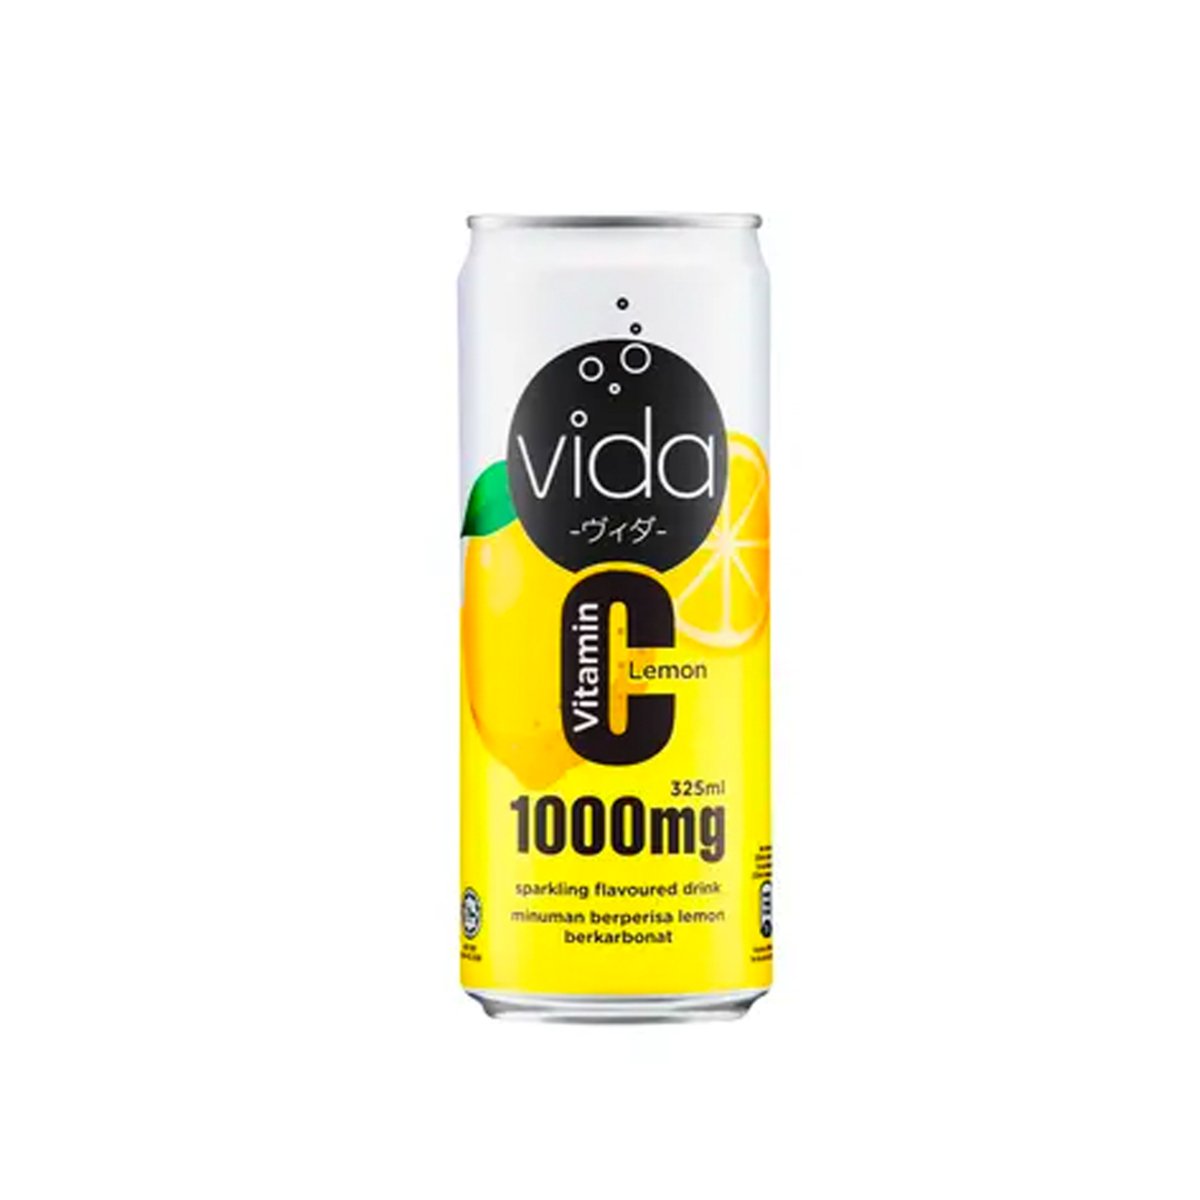 Vida VitaminC Lemon 325ml
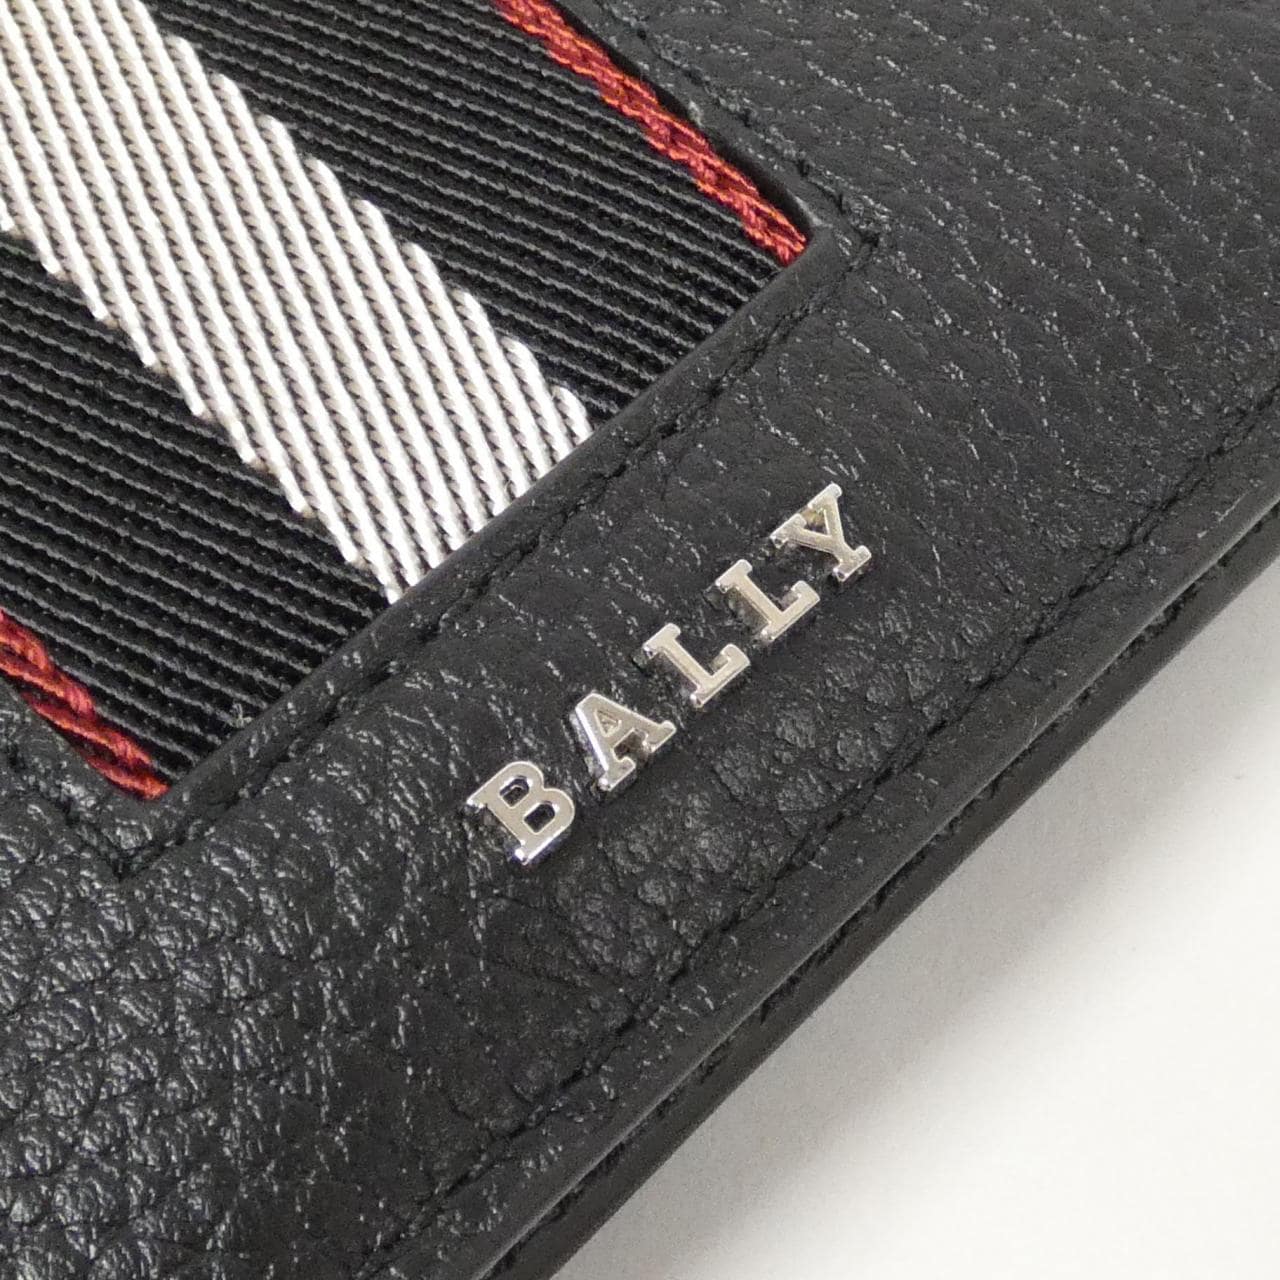 [BRAND NEW] Barry BRIBEL DSH Wallet
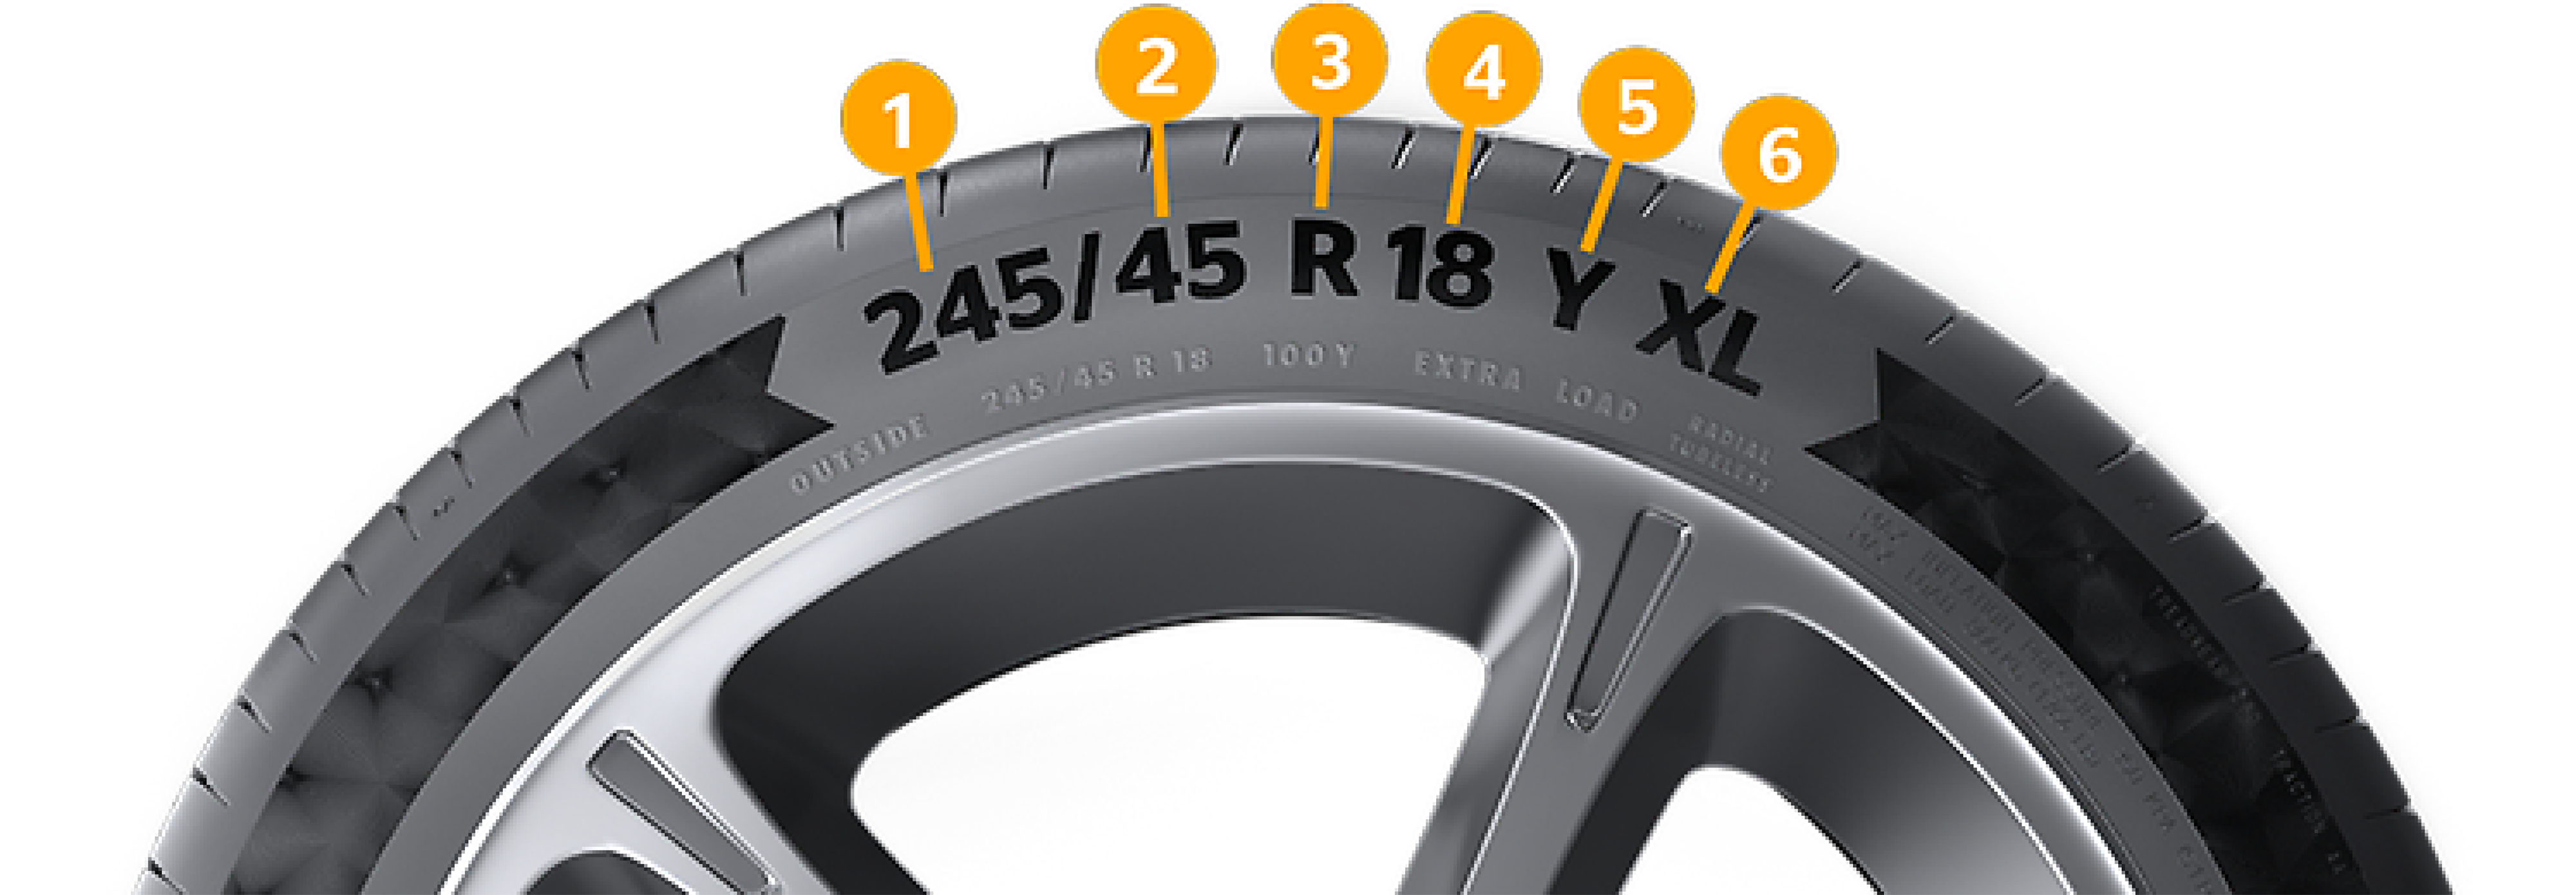 Tire markings illustration
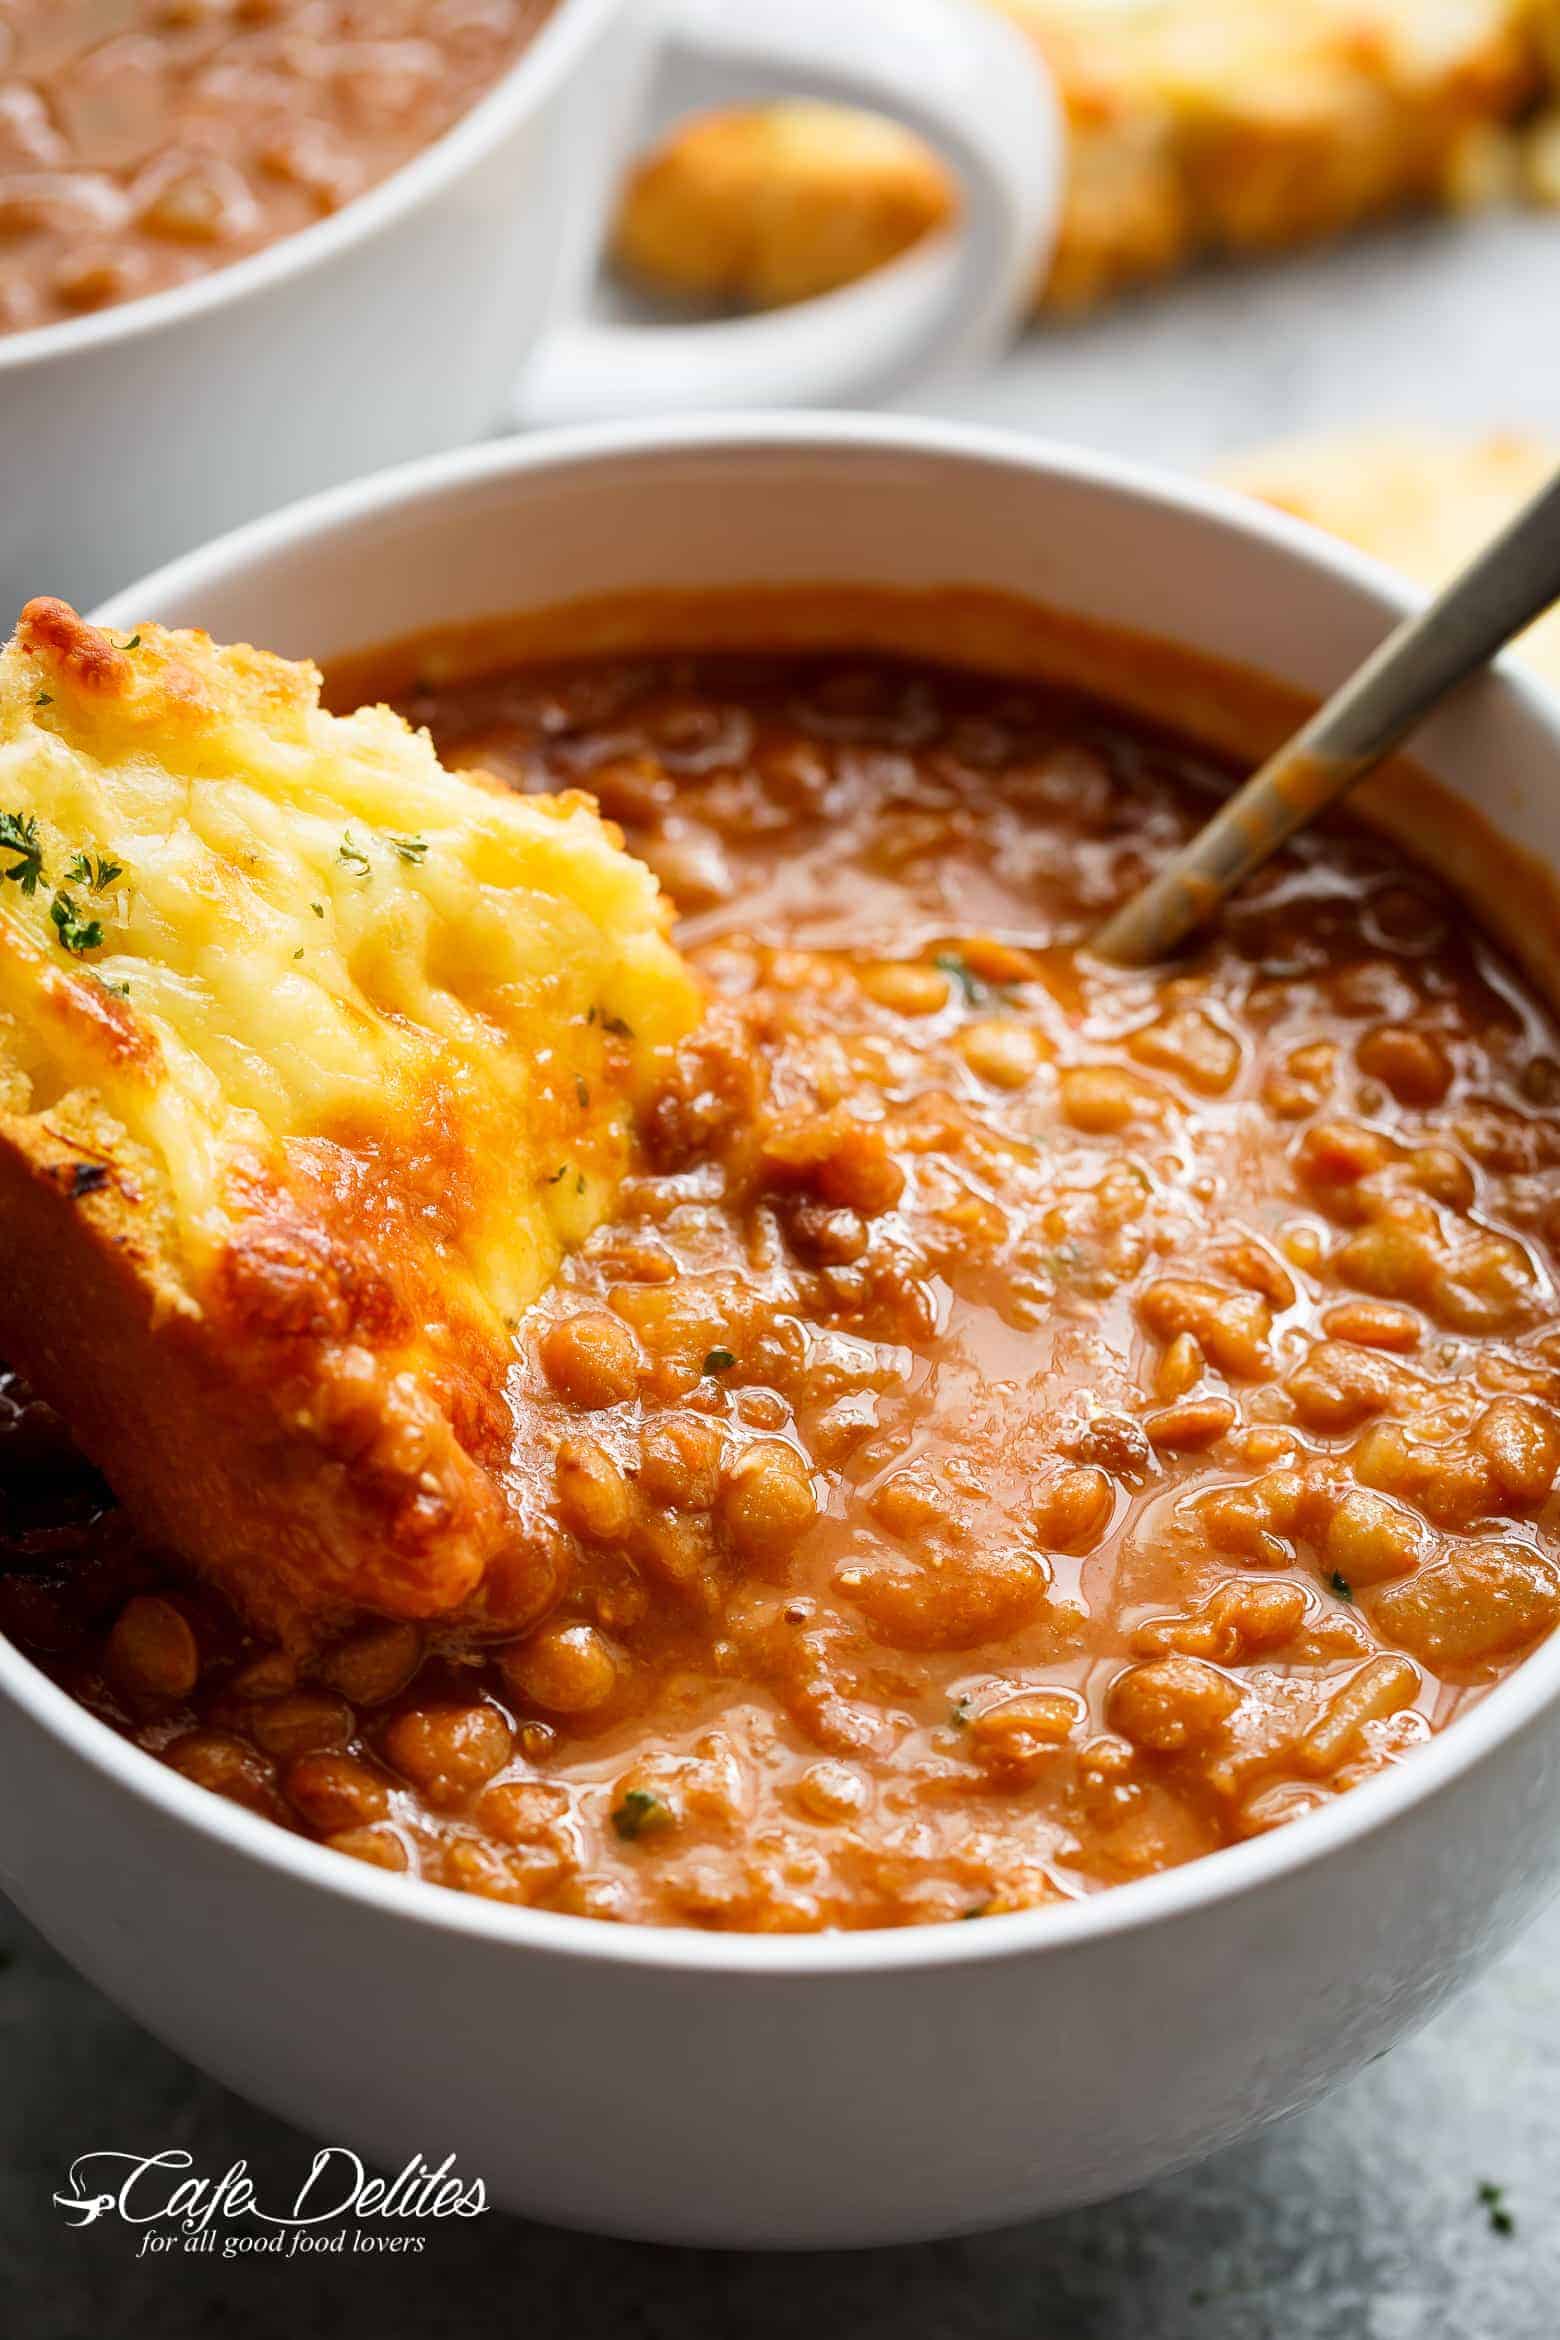 Lentil soup and garlic bread its comfort in a bowl! | cafedelites.com

WHAT IS BEING ASKED:
Retype the data word for word and keep the pictures out of it.

RESPONSE AREA:
 Vida VitaminC Lemon 325ml
 [BRAND NEW] Barry BRIBEL DSH Wallet
 Tire markings illustration
 Lentil soup and garlic bread its comfort in a bowl! | cafedelites.com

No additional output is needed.